Laboratory testing shows the latest addition to BASF Corp.'s line of Uvinul ultraviolet light stabilizers gives superior flavor and color protection to food products in PET packaging, a company official said.
In a technical presentation at the 2008 Society of Plastics Engineers Antec conference in Milwaukee, BASF Market Development Manager Greg Coughlin said Uvinul S-Pack, unveiled at K 2007, has potential applications in a variety of PET packaging, especially for sports drinks and juices.
He said testing of the resin additive has shown it substantially prolongs shelf life of products packaged in PET compared to those packaged in glass or untreated PET.
Bottles made with Uvinul S-Pack kept beta carotene from degrading for 36 days, compared to 22 days for glass and 13 days for plain PET, Coughlin said. Uvinul S-Pack bottles kept a vitamin A supplement intact for 49 days, compared to seven days for both untreated PET and glass, he said. In practical terms, using the additive could save food manufacturers serious money, Coughlin said.

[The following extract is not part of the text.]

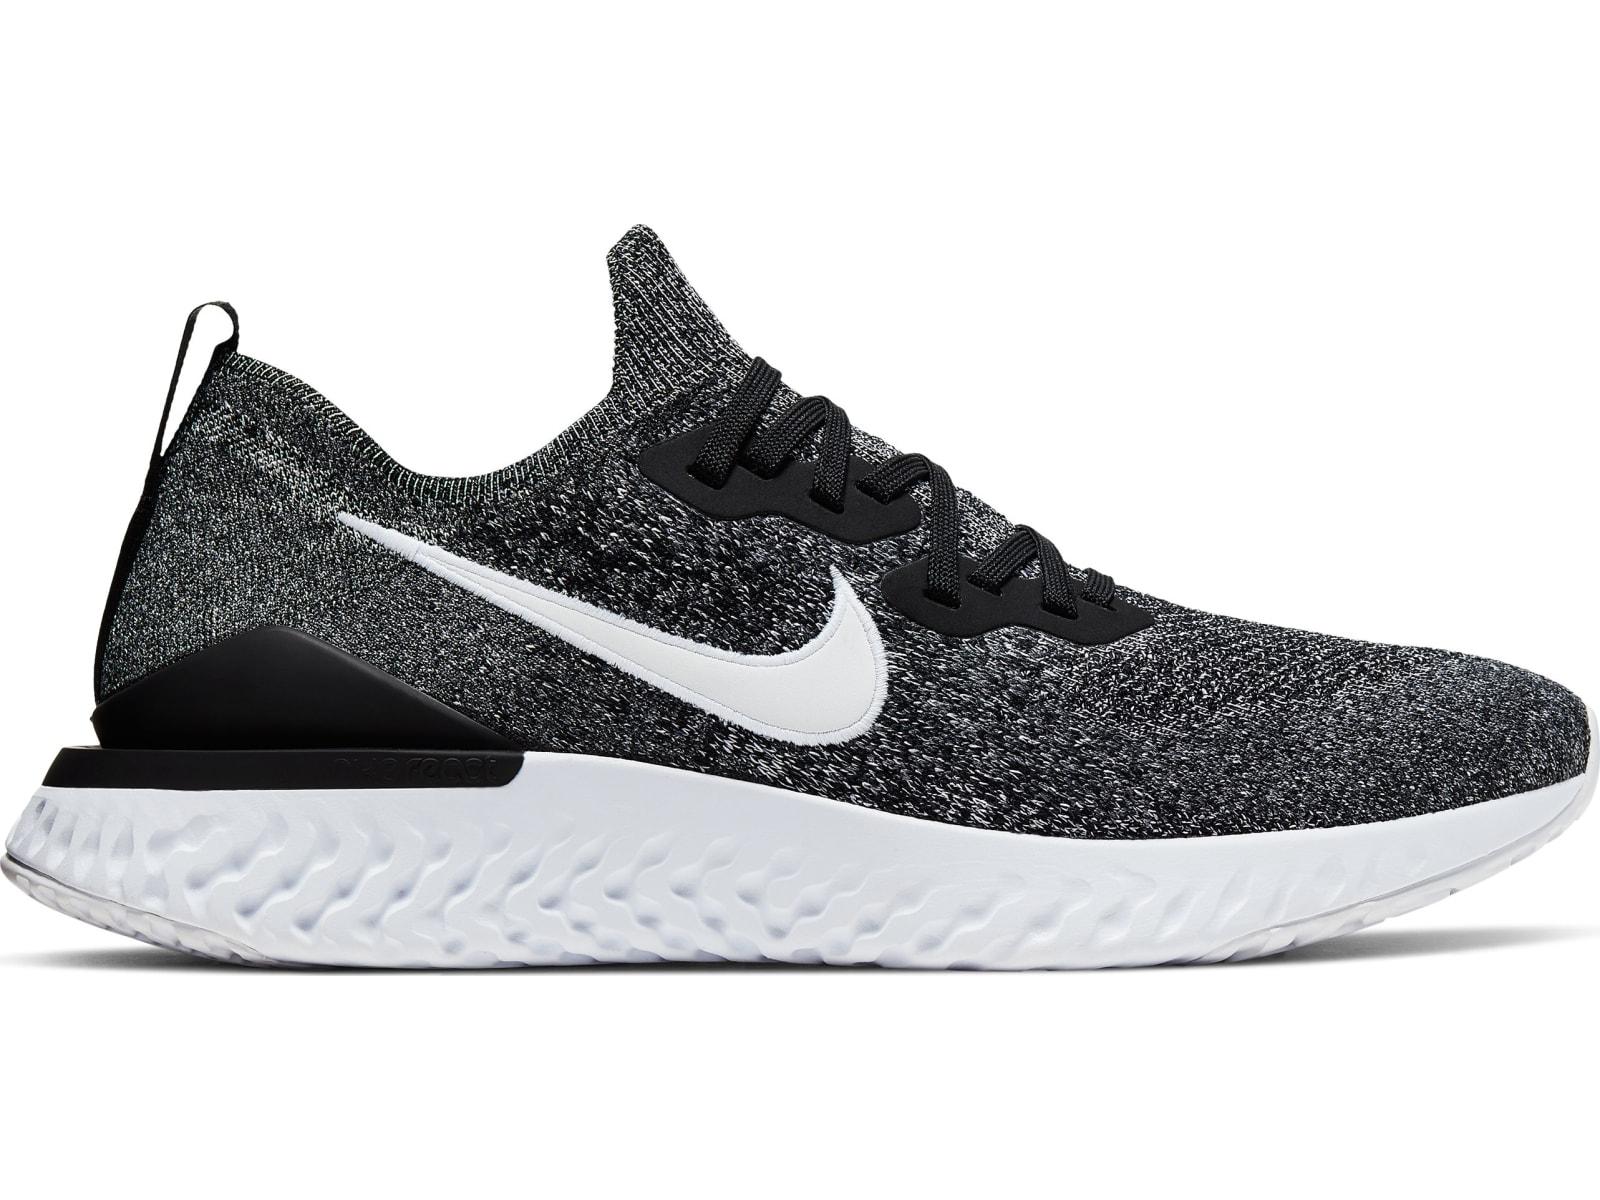 Nike Epic React Flyknit 2 Running Shoes BlackSapphire

``A common practice in the industry has been to overdose active ingredients or vitamins to ensure that after a period of time a certain amount of vitamin is still present. This new protective material can reduce that practice,'' he said.

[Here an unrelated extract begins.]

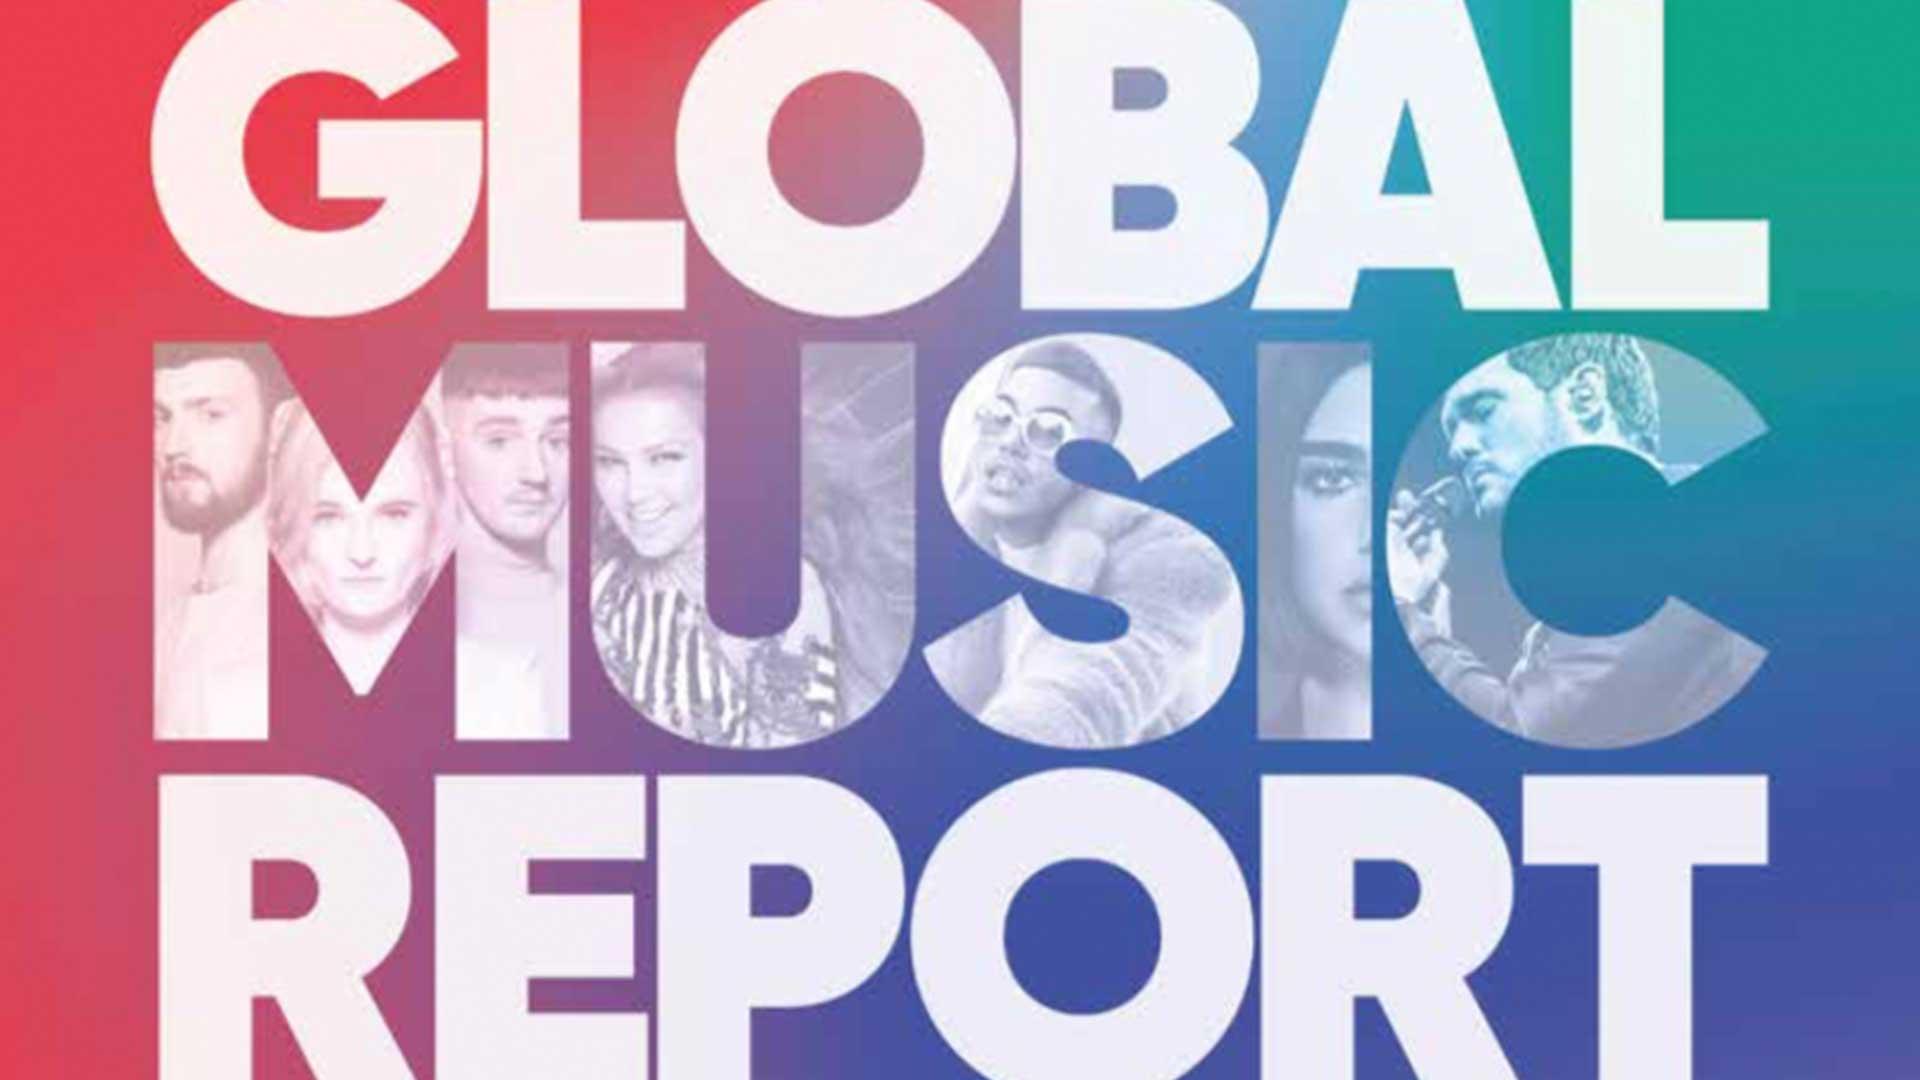 Fairness Rocks News IFPI Global Music Report 2019

In the lab, PET bottles containing the UV absorber resisted yellowing when exposed to UV light better than untreated bottles and they kept red food coloring from fading during a 65-hour UV exposure, Coughlin said.
BASF Corp. showed off a variety of its products at the adjacent Plastics Encounter trade show, which ran May 4-8, along with Antec. Those included its Uvinul 5050 H UV light stabilizer for polyolefin films; and its Black Olive, Firemist, Lumina and Mearlite effect pigments.
Florham Park, N.J.-based BASF Corp. is the North American affiliate of BASF AG in Germany. The company had sales of approximately $16.4 billion in 2007.